Segundo Porge (1998, p.26), que dispõe das notas inéditas deste seminário de 1951, é nele que aparece pela primeira vez o termo Nome-do-Pai. Em relação a este, Porge comenta inclusive que “Lacan não explica a introdução deste novo termo no campo analítico. A única indicação que nos dá é a de sua proveniência, a religião, e ainda por cima não precisa qual”. Além disto, ainda com Porge, na interpretação do caso do Homem dos lobos, Lacan entende o termo Nome-do-Pai como um produto de degradação do pai simbólico: “Ele [o homem dos lobos] nunca teve pai que simbolize e encarne o pai, deu-se-lhe o Nome-do-Pai em lugar disso”.

Portanto, parece-nos essencial tecer uma breve apreciação dos desdobramentos desta noção dentro do corpo teórico modelado por Lacan.

Neste, a noção de Nome-do-Pai ganha um destaque especial: primeiro, trata- se de um recurso teórico criado por Lacan. Isto implica em reconhecermos, junto com Roudinesco e Plon (1998, p.541), que estamos diante de um conceito distinto dos demais por não ter sido “retirado de um corpus” teórico pré-existente.

Segundo, apoiando-nos no minucioso estudo realizado por Porge (1998) sobre a origem, incidências e repercussões deste termo - não apenas no plano teórico, mas inclusive pessoal e institucional -, vamos constatar sua relevância ao longo de toda a elaboração lacaniana.

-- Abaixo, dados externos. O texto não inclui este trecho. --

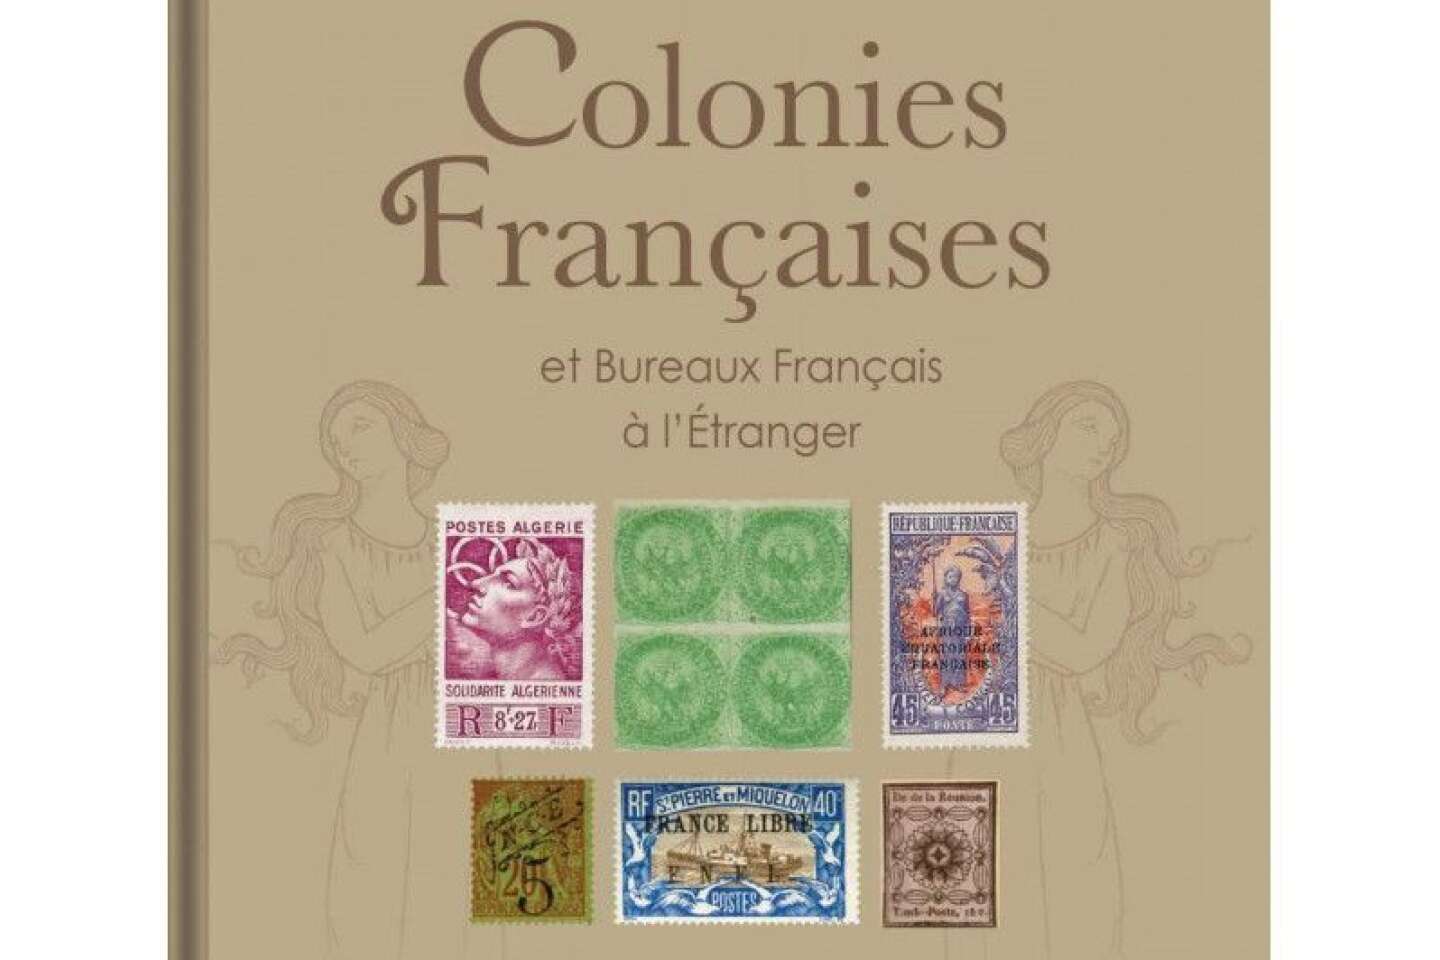 https://img.lemde.fr/2021/12/31/142/0/800/532/1440/960/60/0/af872bb_609544534-yvert-et-tellier-colonies-francaises.jpg

Como já expusemos, a noção de Nome-do-Pai aparece pela primeira vez em 1951, no seminário sobre o Homem dos lobos. No ano seguinte, em um seminário realizado ainda em sua residência, Lacan recorre às categorias de real, simbólico e imaginário para estudar o caso do Homem dos ratos. Segundo Julien (1999, p.33), Lacan inventou os três adjetivos, real, simbólico e imaginário, para promover a passagem do Édipo freudiano “para algo de estrutural ao invés de cultural”. Desta forma, inicialmente, estes três adjetivos “qualificavam o pai: o pai simbólico, o pai imaginário e o pai real”. Mais à frente, retornaremos a estas categorias.

Por hora, gostaríamos de ressaltar que, no seminário de 1951, o Nome-do- Pai é, segundo Porge, mencionado de forma muito passageira. Este autor conjectura, então, sobre a existência de um hiato inicial entre o Nome-do-Pai e os registros real, simbólico e imaginário que, ao mesmo tempo, indica a íntima ligação tecida entre estes no decorrer das ulteriores elaborações de Lacan. Porge demonstra inclusive a alternância de aparição entre o Nome-do-Pai e o registro ternário nos seminários de Lacan que resultará num entrelaçamento a uma outra noção introduzida por ele que é a de sujeito suposto saber.

Terceiro, seguindo as indicações de Porge (1998, p.46), mostra-se imprescindível frisar que pela concepção do Nome-do-Pai, Lacan realizou uma “inversão metodológica” no que diz respeito à concepção freudiana do mito de Totem e

tabu: enquanto para Freud, Deus seria um substituto nostálgico do pai assassinado, para

Lacan, o que está em primeiro lugar é a questão de Deus. A partir da primazia desta questão, Lacan realizou o esforço de apresentar cientificamente o Nome-do-Pai. Com isto, ele visava substituir a teoria do complexo de Édipo segundo Freud, pela noção de Nome-do-Pai que, segundo Porge (1998, p.41), “contém o germe de uma desconstrução da teoria de Freud” sobre o Édipo. Assim é que, no seminário transcorrido entre os anos de 1956 e 1957, intitulado A relação de objeto, Lacan (1995, p.215) justifica que Freud teve de forjar o mito de Totem e tabu, “um mito moderno [...], para explicar o que permanecia em hiância em sua doutrina, a saber – Onde está o pai?”.

Por último, temos de ressaltar que esta percepção de Lacan nos interessa sobremaneira, pois, neste seminário de 1956, ele deixa evidente a lacuna teórica que é,

ao mesmo tempo, o ponto de orientação da pesquisa freudiana: “- toda a interrogação freudiana se resume no seguinte: O que é ser um pai? Este foi para ele [Freud] o problema central, o ponto fecundo a partir do qual toda sua pesquisa realmente se orientou” (Lacan, 1995, p.209).

Daí parece-nos que, quando nos voltamos para o Grande Sertão, também encontramos um narrador que tenta perscrutar os segredos de Deus, do Demo e, por conseguinte, do Nome-do-Pai. A nosso ver, ele parte, tal como Freud e Lacan, da incerteza sobre o pai, “pater incertus”, de forma que sua fala entretece certo discurso sobre um lugar incerto: o Sertão17.